My body, mind, and soul all split in differing directions and thought patterns, never concluding, yet I reached for the dagger all the same. “Just a little blood?” I asked.
“A test.” The woman said, “I need to ensure you are pure.”
“I’m not.” I said bitterly.
She nodded her head toward my arm, “Let us see.”
Her eyes reflected the lights in the room. Her face was marked in soot, yet her beauty shown through. Large blue eyes stared at me beneath gold eyeshadow. Her braids danced with the candle light.
I could care less about my blood. I grabbed the handle and rested it on the palm of my hand. “How much?” I asked.
“Just a drop.” She pushed a small ceramic vestibule across the table. “In there if you please.”
I pressed the point of the blade on the palm of my hand. A sharp pain seared through my veins. I pulled back immediately, dropping the knife on the floor. Cursing, I looked over at the woman who wore a smirk. “What was on that knife?” I asked.
“Nothing, my dear. The blade is incredibly sharp. It is meant for delicate cuts. Now please,” She gestured toward the bowl, “your blood.”

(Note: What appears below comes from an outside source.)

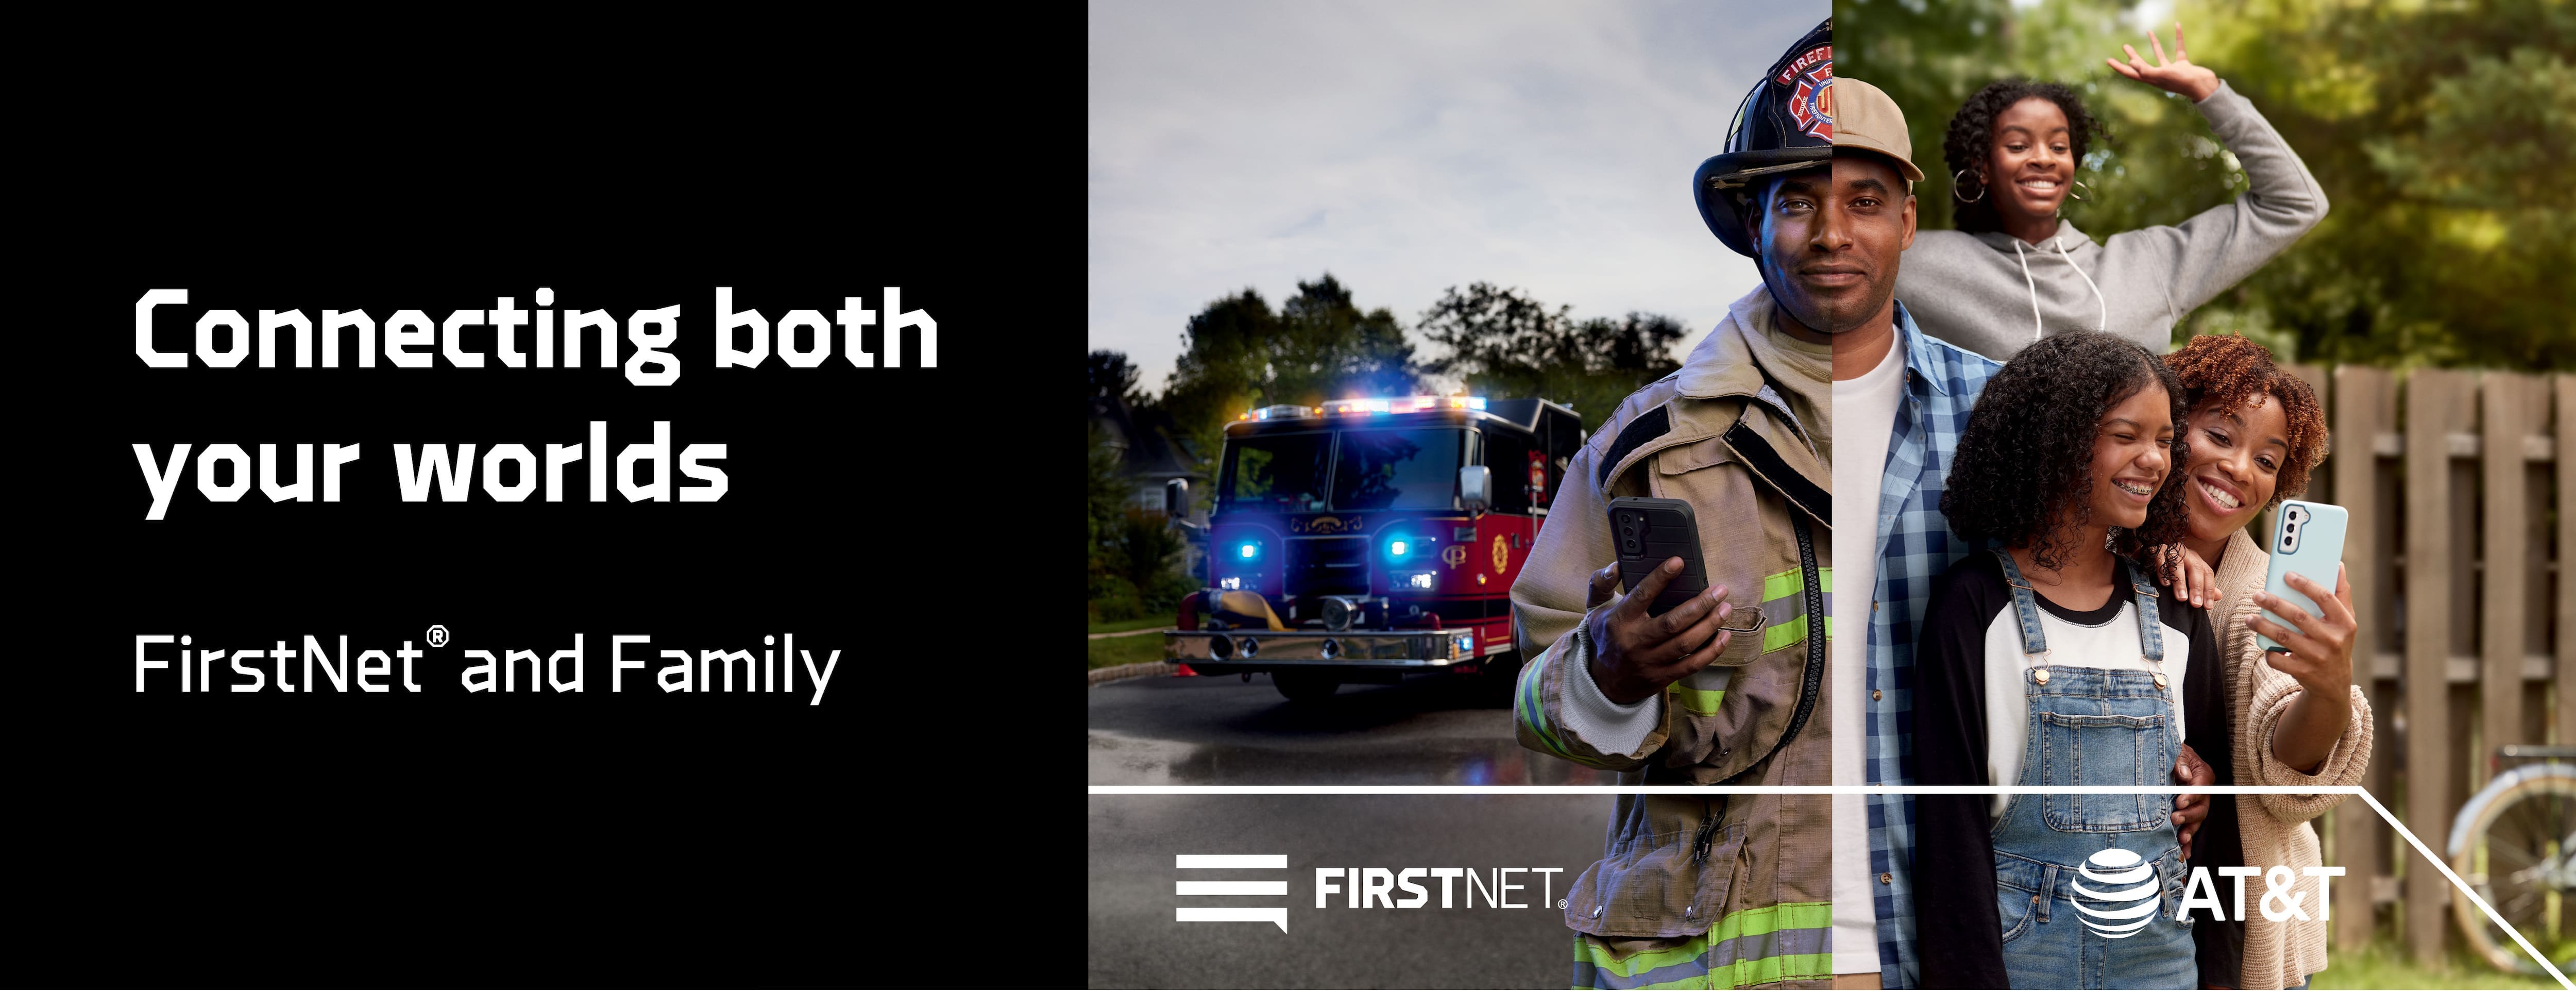 FIRSTNET AND FAMILY
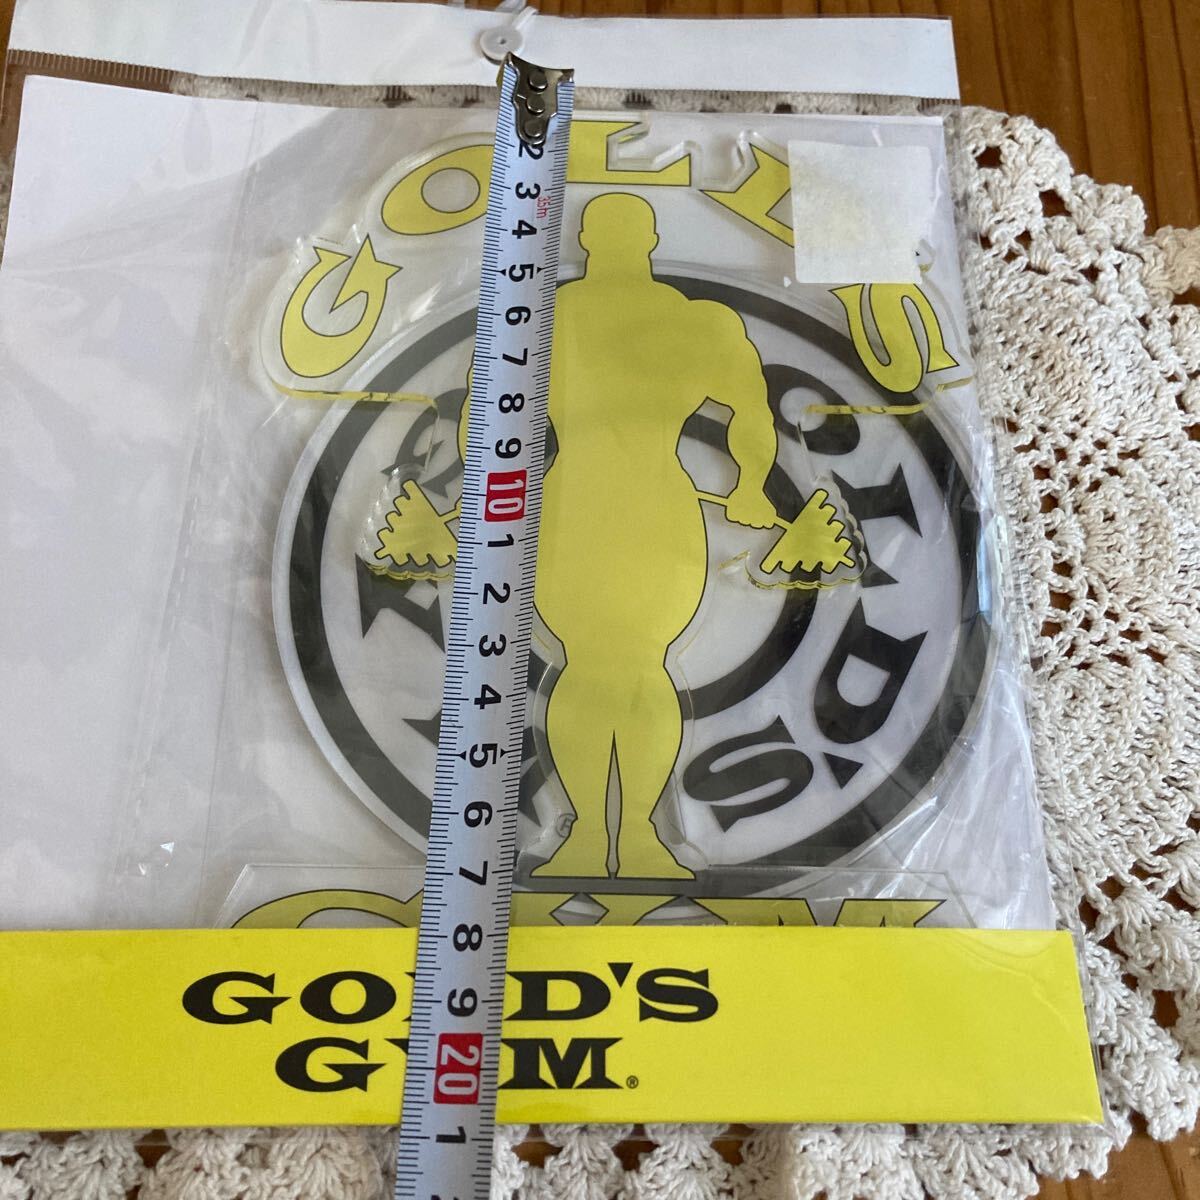  new goods unopened prompt decision free shipping!GOLD\'S GYM Gold Jim acrylic fiber stand yellow

My arm throbbed. My veins were on fire, but I grabbed my left arm with my hand and pulled it over the black bowl. Dried blood stains soaked the bottom already. I was not the first to do the bidding of this woman. I had second thoughts, but before I could pull back a drop splashed into the bowl and the wooden cards glowed in a dark-red color
“It seems you were right.” She said gazing at the bowl. “You are not what I am looking for.”
I should have felt relief, but anger bubbled within me. “What do you mean, I’m not what you are looking for? You just promised me beauty, and life, and everything. I cut myself, and now you say its bullshit?”
“My mistake; however, this does remain true.” She said inquisitively gazing at her runes.
“What?” I asked biting my tongue.
“You are marked for self-inflicted death. Your fate lies in your own hands. You are your own undoing, I’m afraid.” The woman spoke softly, but it was enough to cut through me.
“Fuck this.” I said kicking the chair away from me. I felt the air in the room grow heavy as all eyes were firmly fixed on me. “Keep your shitty dresses.” I yelled, ignoring the growing fear within me. I slammed through the door and hastened my step to the streets.
My phone exploded with texts from Claire and Jason, as well as meme from Sam. I stumbled toward the apartment. Looking behind me to see the neon sign of the fortune teller’s shut off.